ISLAMABAD: The Economic Coordination Committee (ECC) of the Cabinet has approved the State Bank of Pakistan (SBP)’s proposal with respect to changes in the contours of six incentives in order to improve remittances inflow and get optimal remittance inflow through formal channels.
The meeting presided over by Finance Minister Ishaq Dar on Monday was submitted a summary by the Finance Division regarding revision in home remittance incentive schemes.
The ECC, after discussion, approved the proposal of changes in the contours of six incentives schemes of the SBP in order to improve the inflow of remittances, and to get optimal remittance inflow through formal channels.
The meeting was informed that the government has been running six incentive schemes through the SBP for attracting home remittances and to encourage the inflow of remittances through formal channels.
Pakistan’s remittances stand at $2.2bn in June, 3.9% higher month-on-month
Home remittances play a significant role in supporting the country’s external account, stimulating Pakistan’s economic activity, as well as, supplementing disposable incomes of remittance-dependent households.
In the fiscal year 2021-22, the magnitude of remittance amounted to US$ 31 billion.
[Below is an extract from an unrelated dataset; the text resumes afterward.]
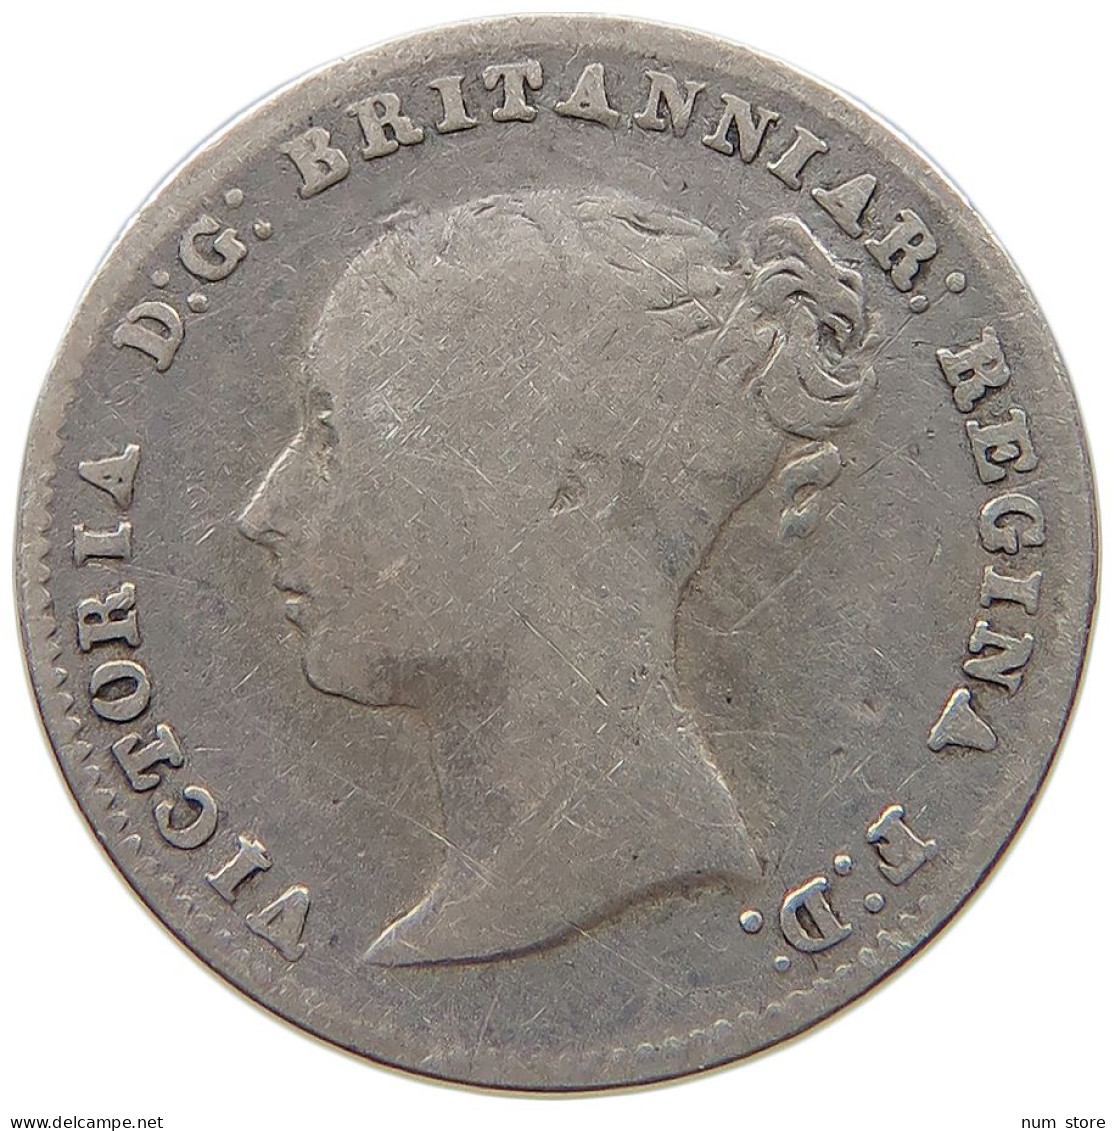 GREAT BRITAIN THREEPENCE 1859 Victoria 1837-1901 #a033 0181 - F. 3 Pence

However, in the fiscal year 2022-23, a downward trend in home remittances was observed dropping to US$ 27 billion. In order to improve the inflow of remittances, a budgetary allocation of Rs79.5 billion has been made for the current fiscal year in contrast with Rs20 billion allocated for the fiscal year 2022-23.
Further, the SBP proposed revisions in the contours of incentive schemes with the aim to get optimal remittance inflow through formal channels. These remittance incentive schemes were launched with the approval of the ECC/ Cabinet; therefore, the changes in the contours of the schemes, as proposed by the SBP, are being placed before the ECC for approval.
As per the proposal, the SBP has proposed that the existing reimbursement rate under TT charges is 20 SAR/100 US$ transaction may be increased to 30 SAR/ 100 US$ transactions.
Under the Marketing Incentive Scheme for Promotion of Home launched 2023-24, the SBP has proposed that in view of good take off, the scheme may be made permanent like other schemes and the rate of performance-based cash incentive to the Fls may be revised from Rs0.50 to Re1 incremental US$ for growth up to five per cent over the previous year, Rs2 incremental US$ for growth exceeding five per cent and up to 10 per cent over the previous year, which earlier was Rs0.75.
Moreover, for growth exceeding 10 per cent from the previous year cash incentive of Rs3 incremental US$ is proposed which was 1 PKR over 15 per cent growth earlier.
The SBP has proposed that two additional avenues a bill payment facility, and PayPak Card, a Pakistani Debit Card, for spending redeemed points may be included in the Sohni Dharti Remittance Programme (SDRP).
The SBP has also proposed that it may be empowered to decide the minimum surrendering requirement for exchange Companies (ECs) in the Interbank market on the same rate of incentive under Incentive Schemes for Exchange Companies (EC) to surrender FX in the Interbank market scheme launched to incentivize ECs with Rs1/US$ upon 100 per cent surrender in Interbank market.
The SBP proposed a new initiative of Lucky Draw Scheme launch while it proposed that M Wallet Scheme may be discontinued.
The ECC also considered and noted the comprehensive report on damaged wheat of PASSCO due to rainfall and floods, 2022, presented by the Ministry of National Food Security and Research.
On a summary moved by Ministry of Energy (Power Division) regarding a contract with TAVANIR Iran for the purchase of 104MW electricity, the ECC approved the amendments in the contract with TAVANIR related to extension of tariff for existing supply of 104MW (Jackigur-Mand) from 1st January 2022 to 31st December 2024, negotiating tariff for additional supply (Polan-Gabd) and tariff agreed for additional supply of 100MW through Polan-Gabd Transmission Line from 16th March 2023 to 31st December 2024.
The ECC also considered and approved another summary of the Power Division regarding the application of a uniform tariff for KE consumers by way of tariff rationalisation.
The ECC approved tariff rationalisation for KE by way of adjustments that shall be applicable on the consumption of April, May, and June 2023 to be recovered from consumers in three months (July, August, and September 2023), respectively.
The ECC also considered and approved the Ministry of Energy’s proposal regarding amendments in Transmission Line Policy 2015 for the inclusion of ancillary services projects in its scope.
The meeting approved the continuation of the Prime Minister’s Relief Package of five essential items on subsidised rates through the Utility Stores Corporation (USC) for the fiscal year 2023-24 from 1st August 2023 to 30th June 2024 (excluding the month of Ramzan).
The ECC also approved Technical Supplementary Grants of Rs3,000 million in favour of the Ministry of Information and Broadcasting for the Prime Minister’s Health Insurance Scheme for Media Workers, Journalists and Artists and Provisions of Film Finance Fund to MOIB and Rs500 million in favour of the Ministry of Defence for Defence Services for security-related requirements of JSHQ.